Since the late 1930s Koreans were persuaded that their country is merely one of many regions of the Japanese empire. So, they were told, it would be only logical if they discard their “dialect” much like, say, it had been done by the inhabitants of Okinawa or Kansai areas in Japan who also spoke a vernacular very different from standard Tokyo-style Japanese.

In Japanese intellectual and political circles this drive for assimilation met with some resistance. It is notable that this resistance came from two sides. On the one hand, there were Japanese intellectuals (and even some politicians) who were not intoxicated with the fashionable racism of the era and did not approve of ethnocide.

On the other hand, the assimilation policy was not necessarily welcomed by the Japanese extreme right.
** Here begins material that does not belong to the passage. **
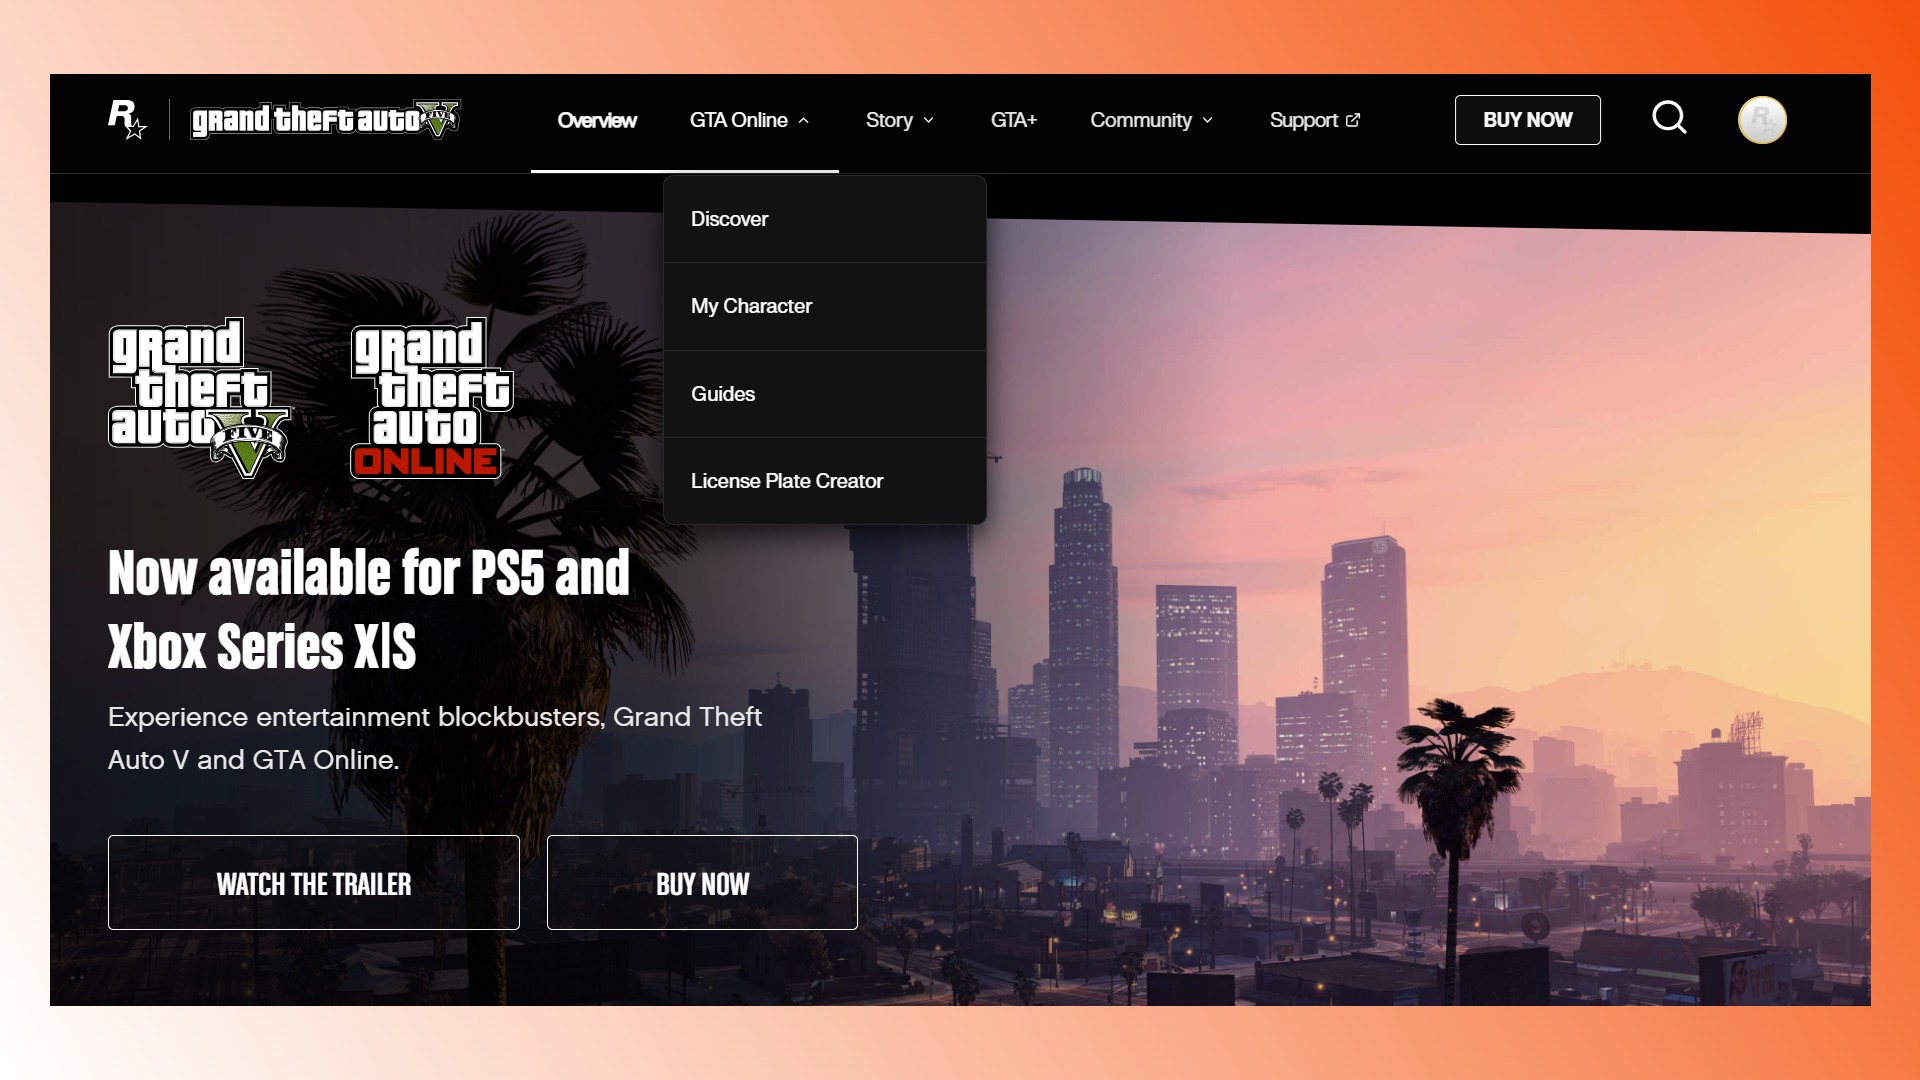 Rockstar working on GTAV Social Club, companion app issues - GameSpot
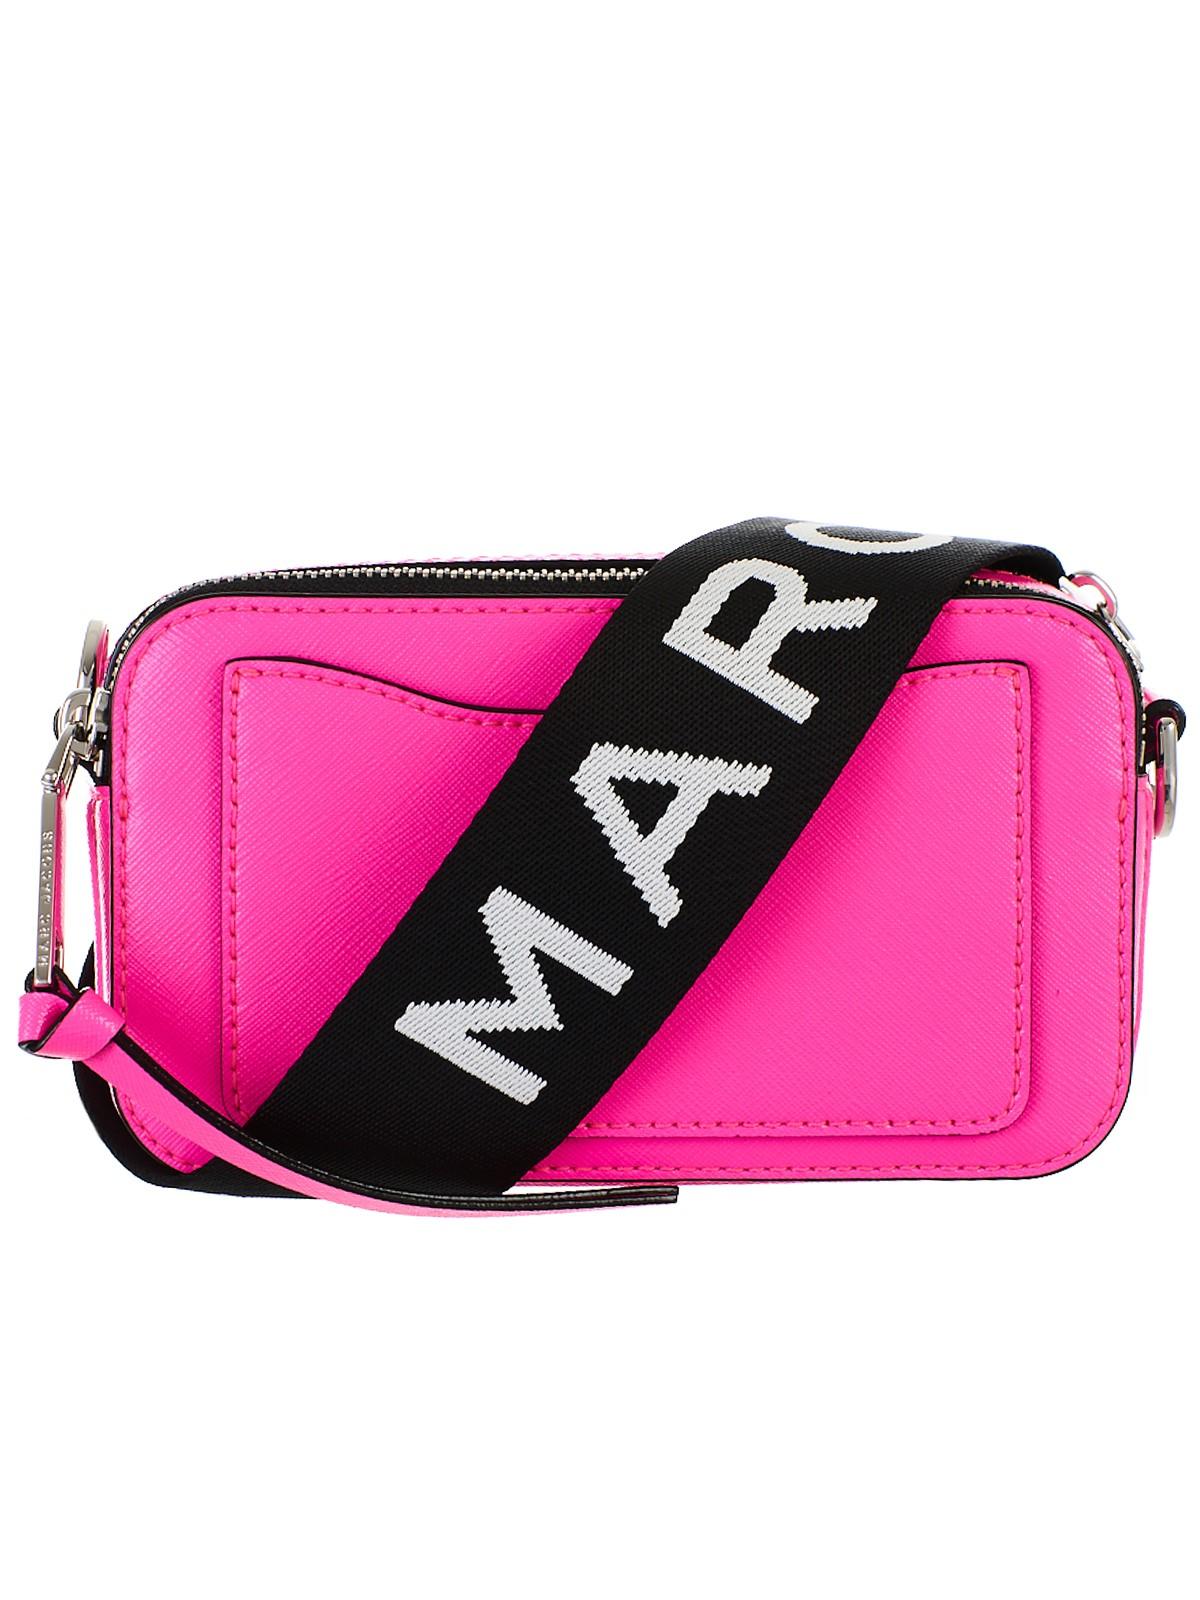 Cross body bags Marc Jacobs - The Snapshot small fuchsia camera bag -  M0012007959

Being deeply racist, they did not want the “pure Japanese stock” being mixed with “inferior” Koreans or Taiwanese. A proper distance from lesser breeds, they believed, should be kept; otherwise the pure Yamato race might disappear.

In a typical statement, found in a 1943 document, the Japanese ultra-nationalists said: “Under the pretext of the ‘policy of assimilation,’ the unity of Yamato race is being damaged, and its culture standards are driven down to their level [level of Koreans, Chinese, etc.].”

However, die-hard racists remained a minority: from the late 1930s the colonial administration was dominated by those whose dream was the complete assimilation of Koreans. It was not genocide as many Koreans insist: the colonizers did not want to slaughter all Koreans. Rather, it was ethnocide: the colonizers systematically destroyed their national identity.